See Git commit history for detailed implementation progress
🛣️ Upcoming Releases
- Release v0.6.0 - Step Output Chaining: Step output references and cache restoration for resumable workflows.
- Release v0.7.0 - Enhanced Workflow: Dry and comparison runs, runtime estimation and processing summary
- Release v0.8.0 - Discovery Integration: Structure learning algorithms integrated
causaliq-core Integration
causaliq-workflow builds on causaliq-core for its action framework and caching infrastructure:
- CausalIQActionProvider - Base class for all action providers
- ActionInput/ActionResult - Type-safe action interfaces
- ActionValidationError/ActionExecutionError - Exception handling
- TokenCache/JsonCompressor - SQLite-based caching with JSON tokenisation
Brief Example Usage
Example Workflow Definition, experiment.yml:
description: "Causal Discovery Experiment"
id: "experiment-001"
workflow_cache: "results/{{id}}_cache.db" # All results stored here
matrix:
network: ["asia", "cancer"]
algorithm: ["pc", "ges"]
sample_size: ["100", "1K"]
steps:
- name: "Structure Learning"
uses: "causaliq-discovery"
with:
algorithm: "{{algorithm}}"
sample_size: "{{sample_size}}"
dataset: "data/{{network}}"
# Results cached with key: {network, algorithm, sample_size}
Execute with modes:
cqflow run experiment.yml --mode=dry-run # Validate and preview (default)

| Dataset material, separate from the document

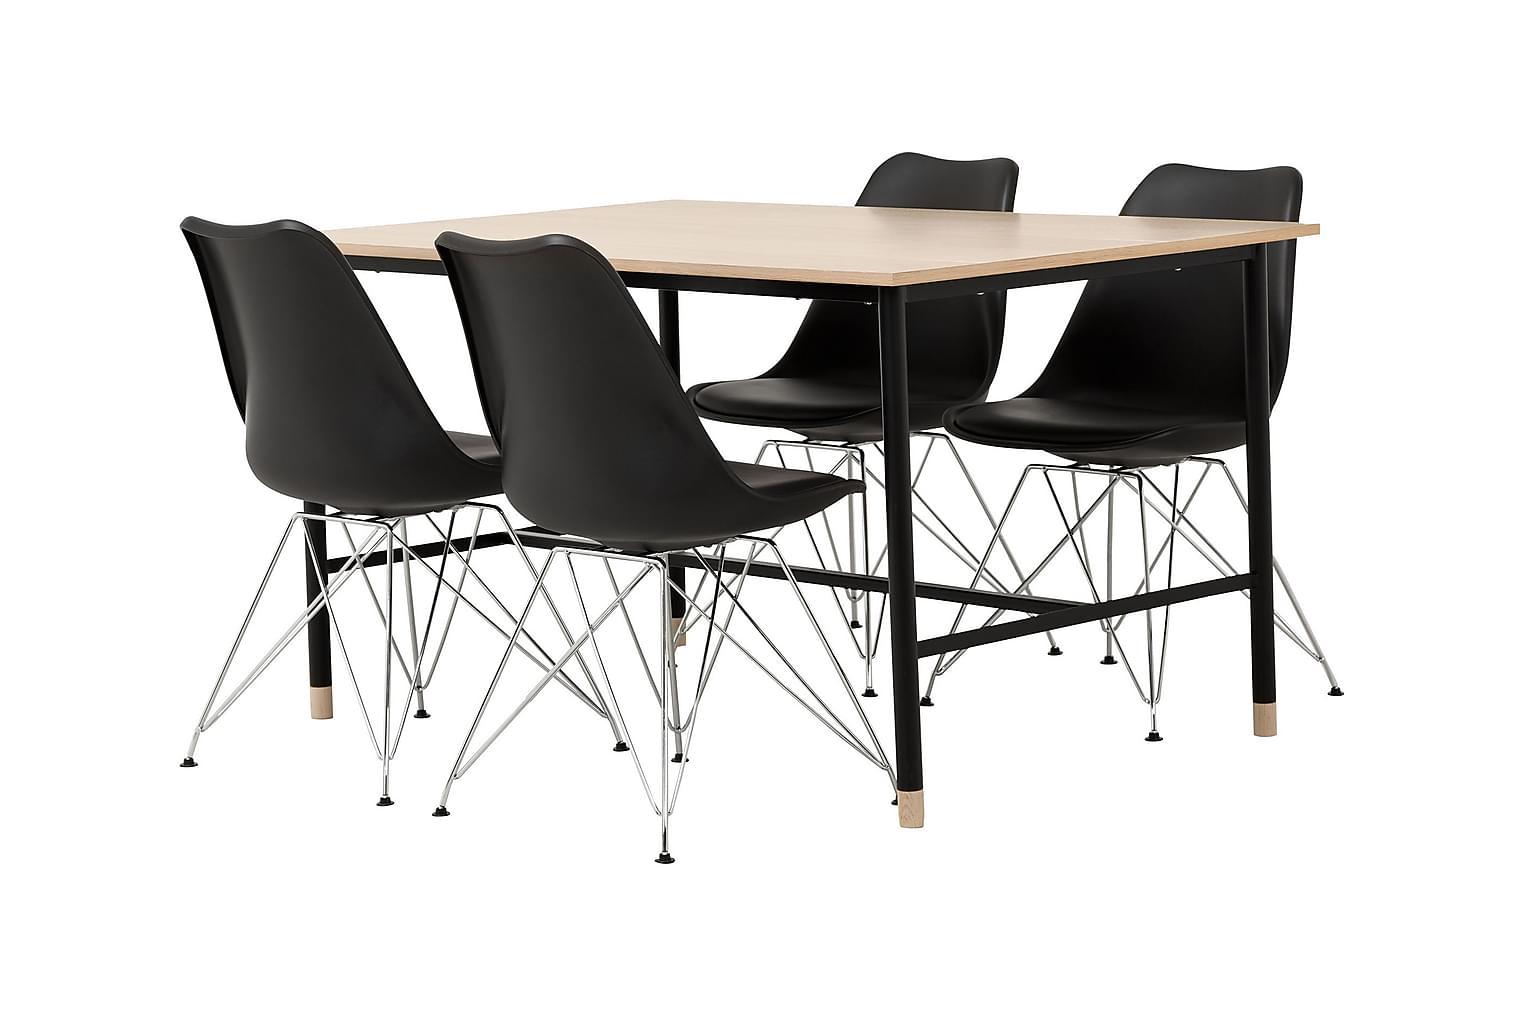 BRANDY Pöytä 138 Tammi/Musta + 4 SHELLO Tuolia Musta/Kromi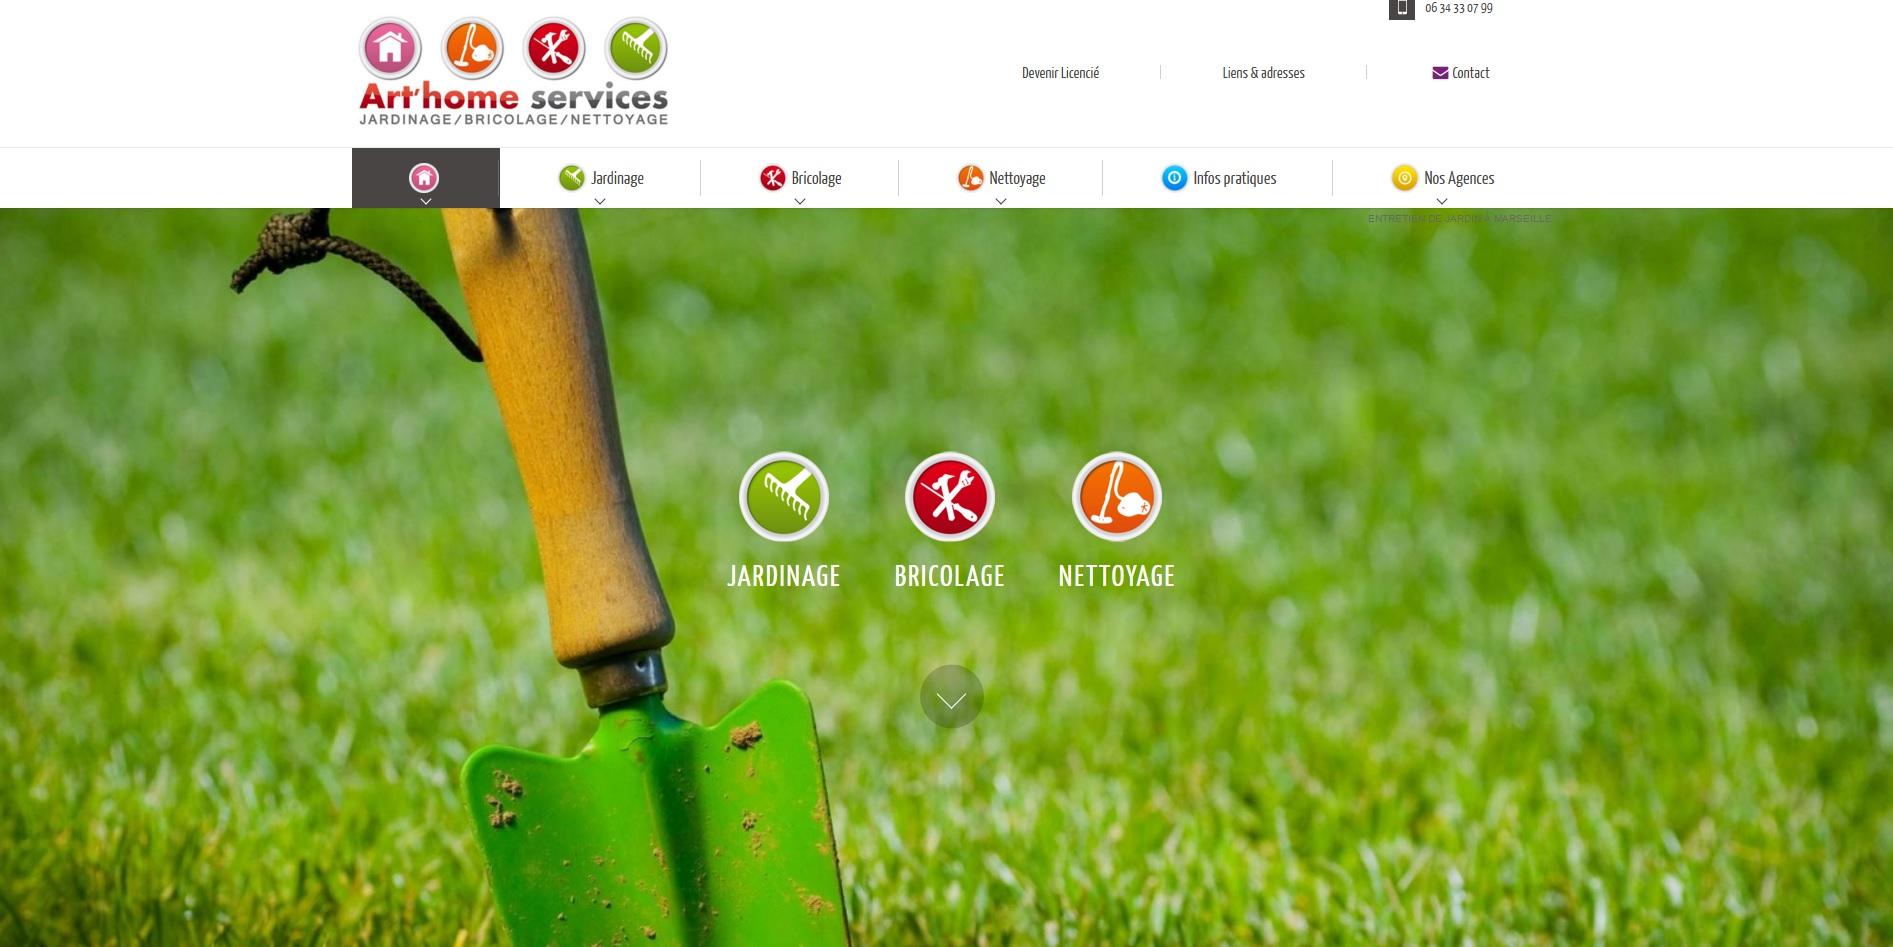 Entreprise de jardinage bricolage et nettoyage domicile for Entreprise de jardinage

cqflow run experiment.yml --mode=run # Execute (skip if outputs exist)
cqflow run experiment.yml --mode=force # Re-execute all without skip
Note that cqflow is a short synonym for causaliq-workflow which can also be used.
Upcoming Key Innovations
🔄 Workflow Orchestration
- Continuous Integration (CI) testing: Workflow specification syntax
- Dask distributed computing: Scalable parallel processing
- Dependency management: Automatic handling of data and processing dependencies
- Error recovery: Robust handling of failures and restarts
📊 Experiment Management
- Configuration management: YAML-based experiment specifications
- Parameter sweeps: Systematic exploration of algorithm parameters
- Version control: Git-based tracking of experiments and results
- Reproducibility: Deterministic execution with seed management
Integration with CausalIQ Ecosystem
- 🔍 CausalIQ Discovery is called by this package to perform structure learning.
- 📊 CausalIQ Analysis is called by this package to perform results analysis and generate assets for research papers.
- 🔮 CausalIQ Predict is called by this package to perform causal prediction.
- 🔄 Zenodo Synchronisation is used by this package to download datasets and upload results.
- 🧪 CausalIQ Papers are defined in terms of CausalIQ Workflows allowing the reproduction of experiments, results and published paper assets created by the CausalIQ ecosystem.
LLM Support
The following provides project-specific context for this repo which should be provided after the personal and ecosystem context:
tbc
Prerequisites
- Python 3.9-3.13
- Git
Installation
git clone https://github.com/causaliq/causaliq-workflow.git
cd causaliq-workflow
# Set up development environment
scripts/setup-env.ps1 -Install
scripts/activate.ps1
Example workflows: docs/userguide/examples.md
Research Context
Supporting research for May 2026 paper on LLM integration for intelligent model averaging. The CI workflow architecture enables sophisticated experimental designs while maintaining familiar syntax for the research community.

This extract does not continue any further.